Late Payment Act 1998 for tradespeople: claim 8% interest plus recovery costs (worked example)

A mate of mine, a sparky running a three-man firm, did the first and second fix on a small block of flats for a main contractor last winter. £6,800, signed off, no snags. Then the contractor went quiet. Thirty days came and went. Sixty. Every time he rang it was "next valuation, mate". What he didn't know is that the moment that invoice went past its due date, the law was already adding money to it on his behalf. He wasn't owed £6,800 any more. He was owed a fair bit more, and the contractor was legally on the hook for every penny of it.

The law doing that work is the Late Payment of Commercial Debts (Interest) Act 1998. Most trades have heard the name and assume it's solicitor territory. It isn't. It's a tool you can use yourself, today, on any business that's sat on your invoice.

This guide is the deeper dive that the chasing late payment guide pointed at.

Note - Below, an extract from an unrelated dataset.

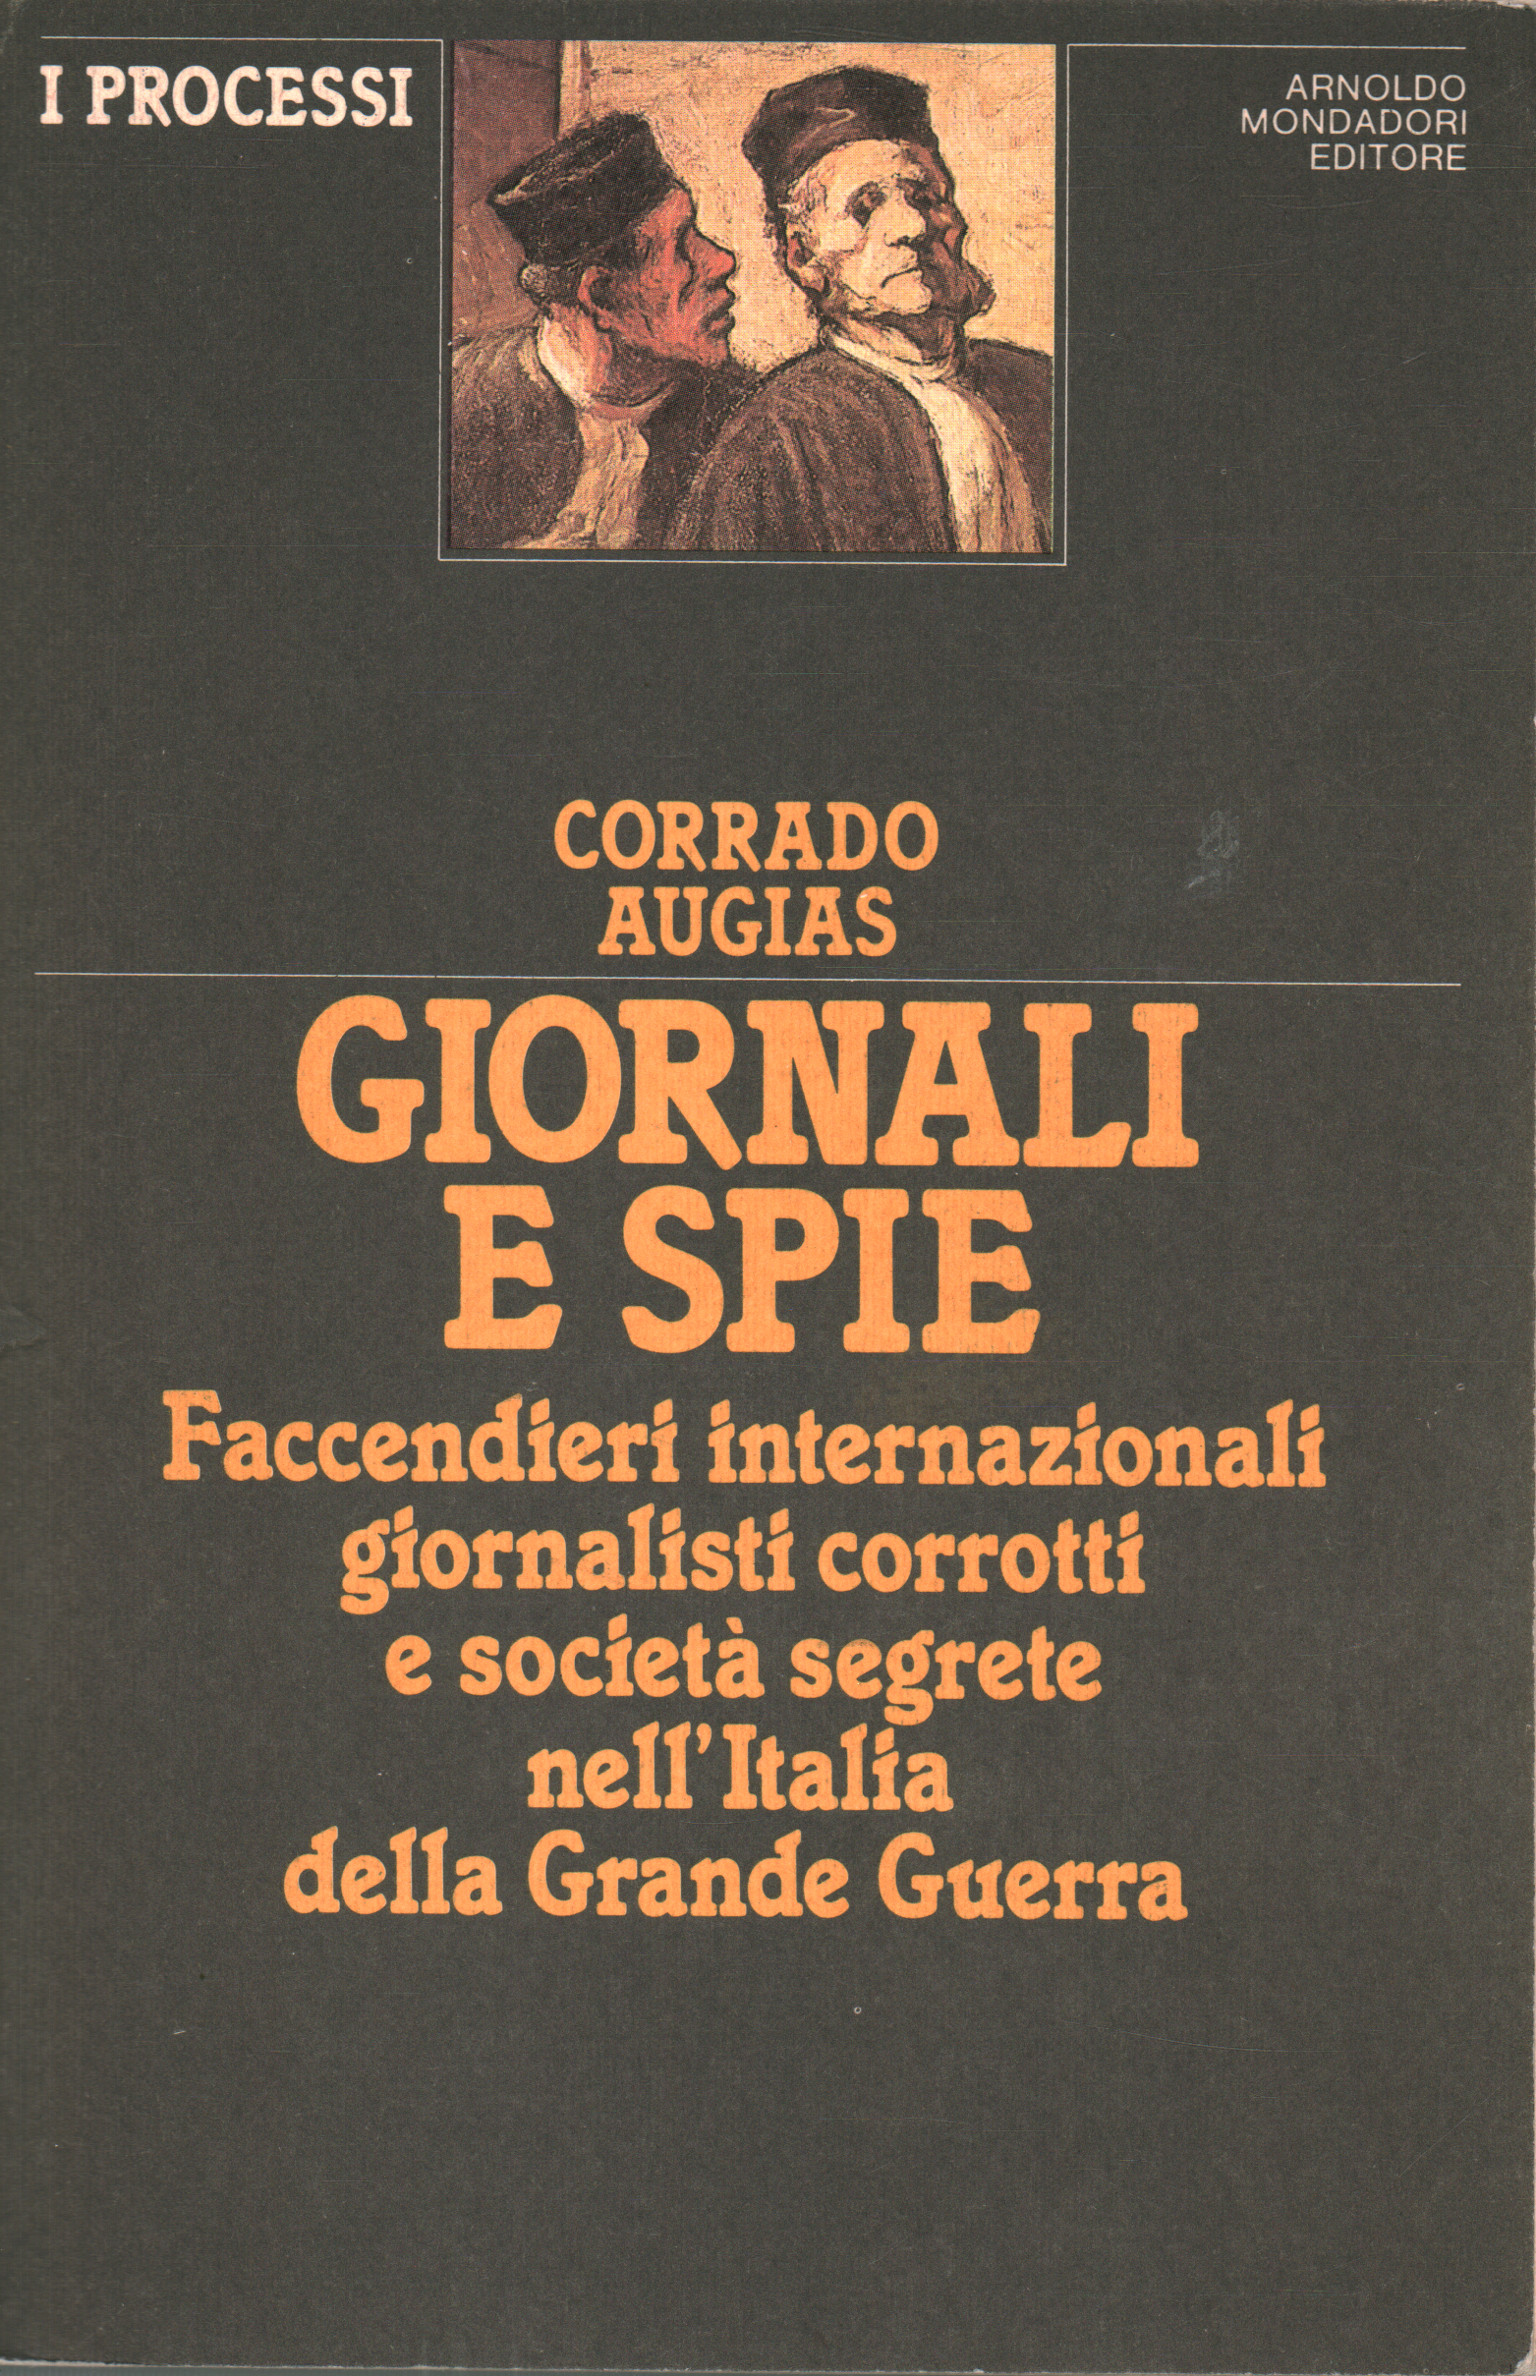 Giornali e spie, Corrado Augias

What the Act actually gives you, how the interest is worked out, the fixed costs you can add on top, and a full worked example with real numbers so you can see exactly what an overdue invoice is earning you.

TL;DR

What the Act actually is, and who it covers

The full name is the Late Payment of Commercial Debts (Interest) Act 1998, tidied up by amendments in 2002 and 2013. It does one job: it gives a business that's owed money by another business an automatic right to charge interest and costs on a late invoice.

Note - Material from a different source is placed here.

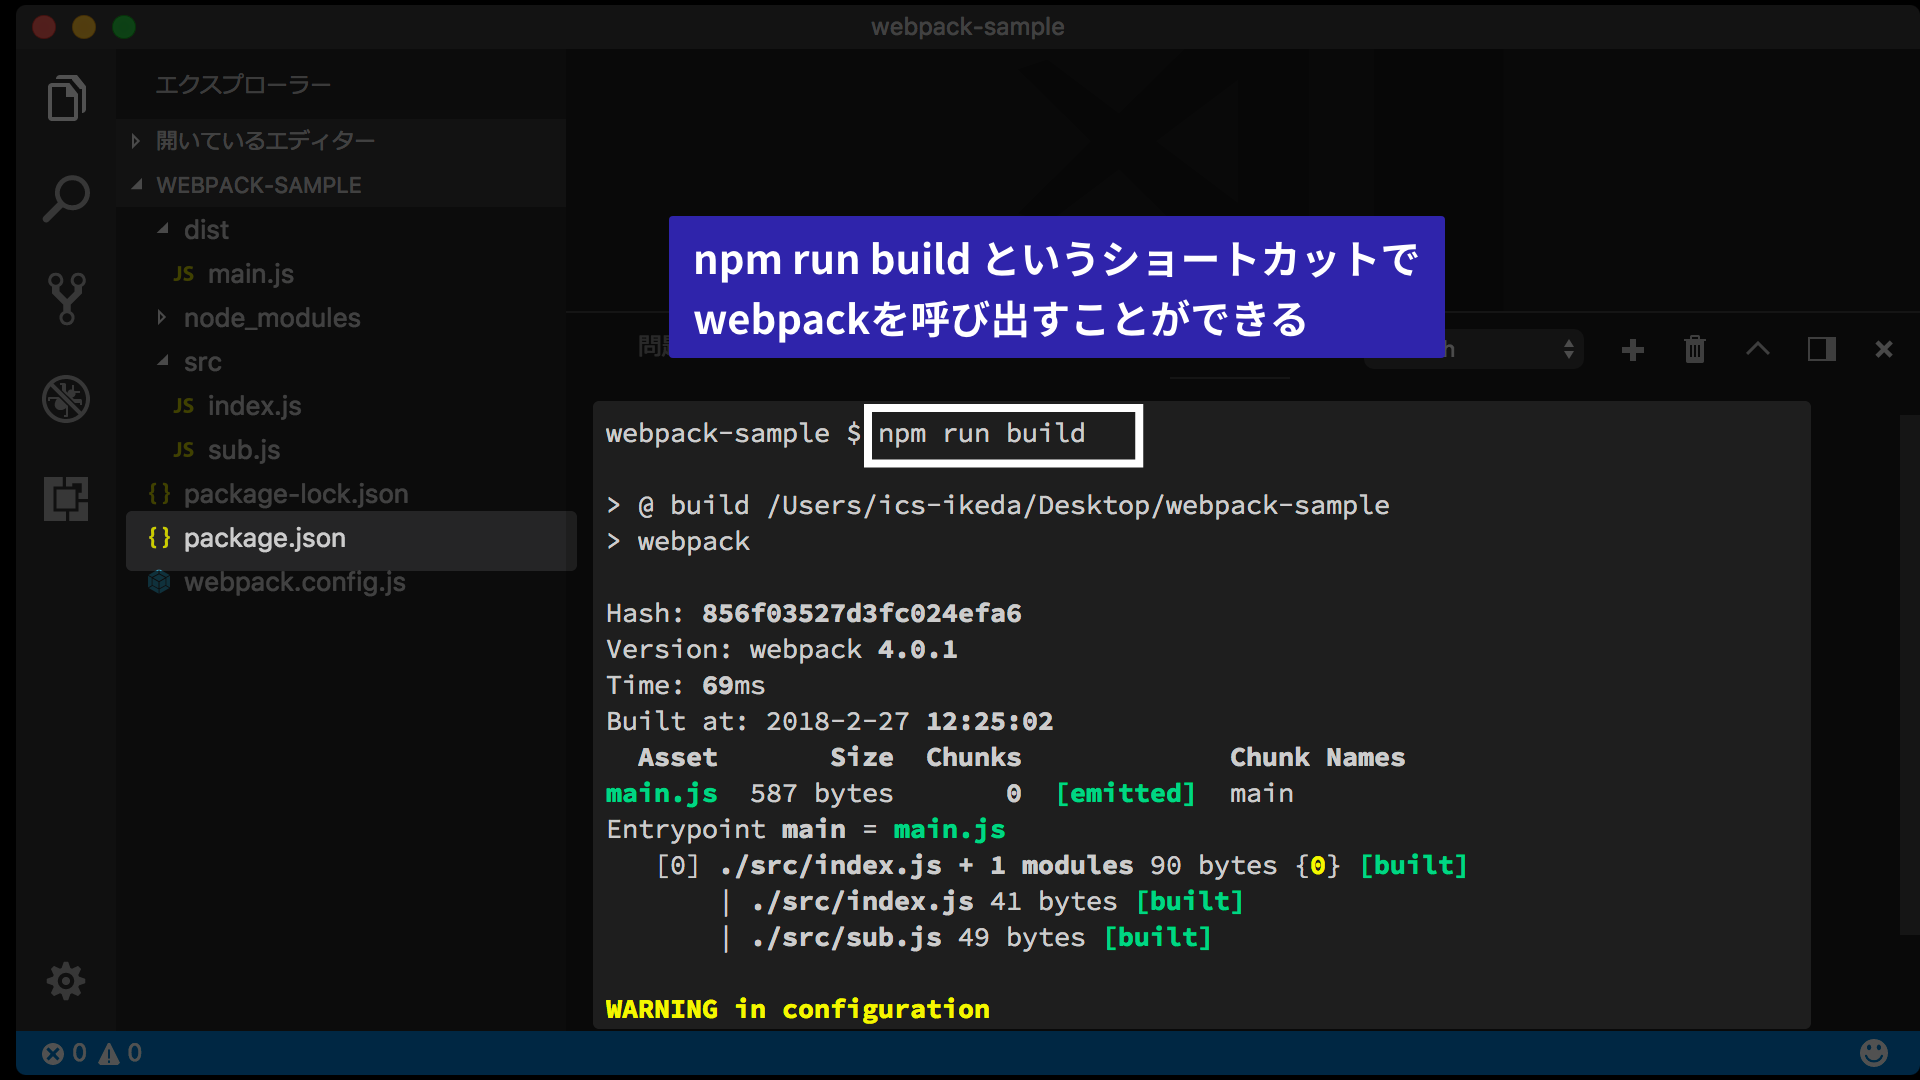 npm run build というショートカットで webpackを呼び出すことができる

The word "commercial" is the bit that matters. The Act only applies when one business owes another business. So you're covered if the customer is:

You're not covered when the customer is a private homeowner paying for work on their own house. That's a consumer, and the Act leaves them out on purpose. For those jobs you fall back on your own terms and conditions, or on the small claims process for the debt itself. There's more on the consumer route in the main late payment guide.

Quick sanity check before you chase a business: look the customer up on Companies House. Thirty seconds tells you whether they're a registered company, whether they're still trading, and the correct legal name to put on a demand. If the company's heading into a winding-up, you want to know that before you spend on court fees.

The three things you can claim

On a late B2B invoice you can add three layers on top of the original debt. The first two are the ones nearly every trade leaves on the table.

1. Statutory interest at base rate plus 8%

The headline number. Interest runs at the Bank of England base rate plus eight percentage points. With the base rate sitting around 4.5%, the statutory rate is about 12.5% a year. It accrues daily, starting the day after payment was due, and keeps running until the debt is cleared.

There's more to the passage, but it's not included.